Calla and Owen shared a look. Then Calla nodded.

“Into the alley opposite, first.”

“Let’s go,” Nora said.

And they moved, staying close together, following Calla’s hesitant voice leading them through the shadows. They crouched low through a desolate no-man’s-land of weeds bordered by knee-high boundary walls, then passed through the ruin of a house and found an empty washing line spanning the main room. Through an overgrown gateway, under the ivy, and suddenly they stood on a rooftop one street down from the square, overlooking the writhing mass. Garreth and Master Diaz were defending the open red gates. They had rallied the few sober men who were putting up a fight into a hasty line and met the attackers head-on. Steel clashed, men died. The ground before them was strewn with dead and dying. Other men started to run past the locked shields, looking for easier spoils in the side streets, while women and children fled through the gates and up the everlong stairs.

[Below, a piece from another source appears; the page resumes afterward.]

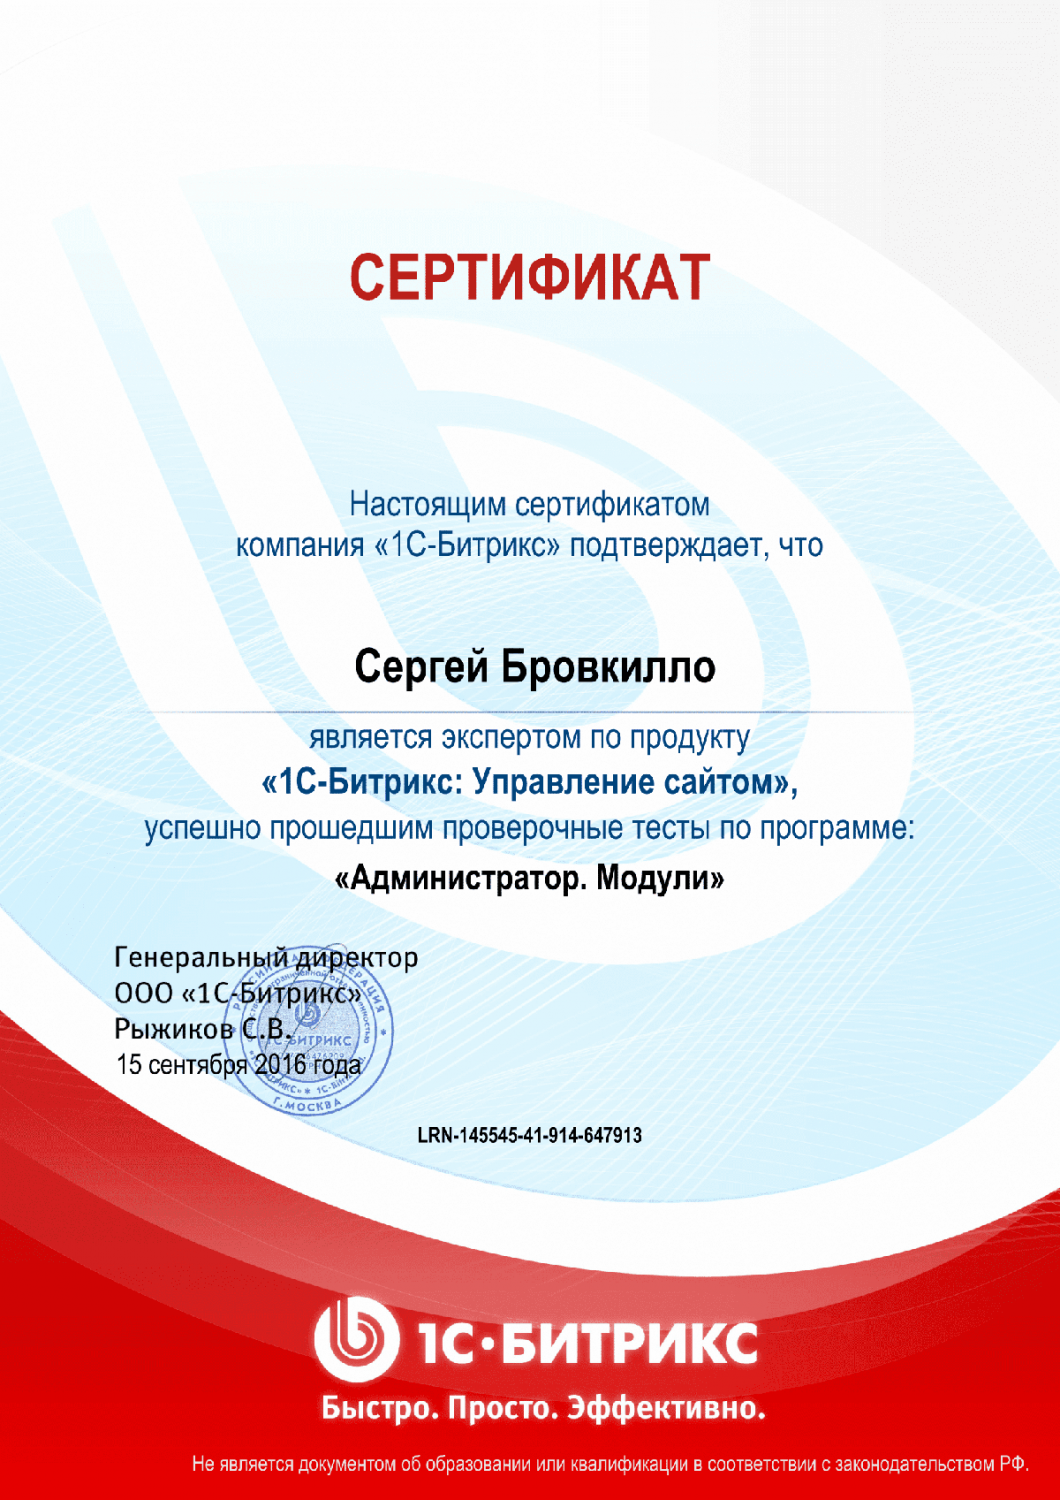 Сертификат эксперта по программе "Администратор. Модули" в Ростова-на-Дону

“Now what?” Shade asked as they carefully lowered themselves down from the roof. “We’re on the wrong side.”

Nora grinned.

“Now? We run with the crowd. Come on!”

She hooked an arm under Owen’s elbow, raised her knife, and charged into the broad causeway, dragging the others along.

“What are you doing?” Owen called.

“We blend in,” she shouted back, accelerating into a brisk jog up the causeway, following a group of attackers to the shield wall in front of the gates. “We’ll be pushed against the shields and Garreth or Diaz will let us through.”

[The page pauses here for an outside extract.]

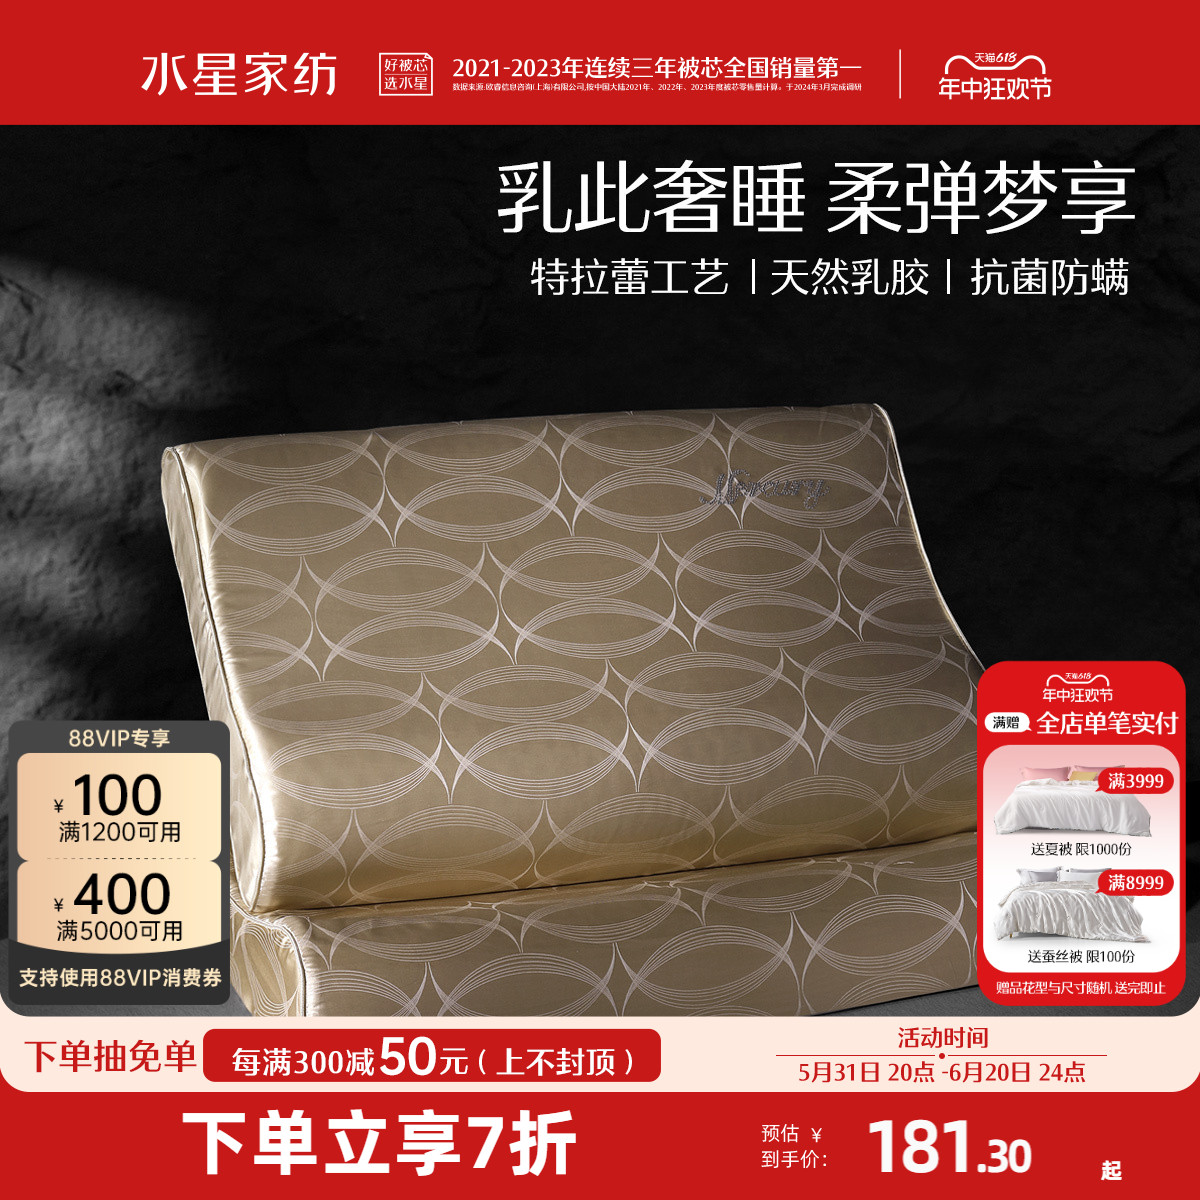 水星家纺泰国进口乳胶枕60S长绒棉抗菌桑蚕丝枕枕头枕芯床上用品

“If they don’t kill us first,” Owen shouted, voice breaking.

“If they even recognize us,” Shade butted in.

“We’ll be breaking their shield wall,” Owen continued.

Shade swore.

“This is a very bad idea,” Owen screamed as they plunged head-on into the push-and-shove before the shield wall.

“That’s why it’ll work.”

Nora elbowed her way through the grunting, heaving mass of men that closed in around them, sucking them into the currents that moved them ever forward. She kept her eyes on Diaz. He wasn’t hard to miss, his black eyes narrowed in concentration. Nora pushed in his direction, following an invisible umbilical cord, never letting go of Owen’s arm. The next wave pulled her aside a little, and she saw Garreth’s white eye as someone shoved her onto his shield. Garreth turned his head after spearing a man in the gut.

“Garreth!”

He growled and lifted the spear above the rim of the shield. She flinched. He hesitated.

“Got Owen. And Shade. Calla, too,” she yelled into his ear, winded by another shove in her back. “Open up.”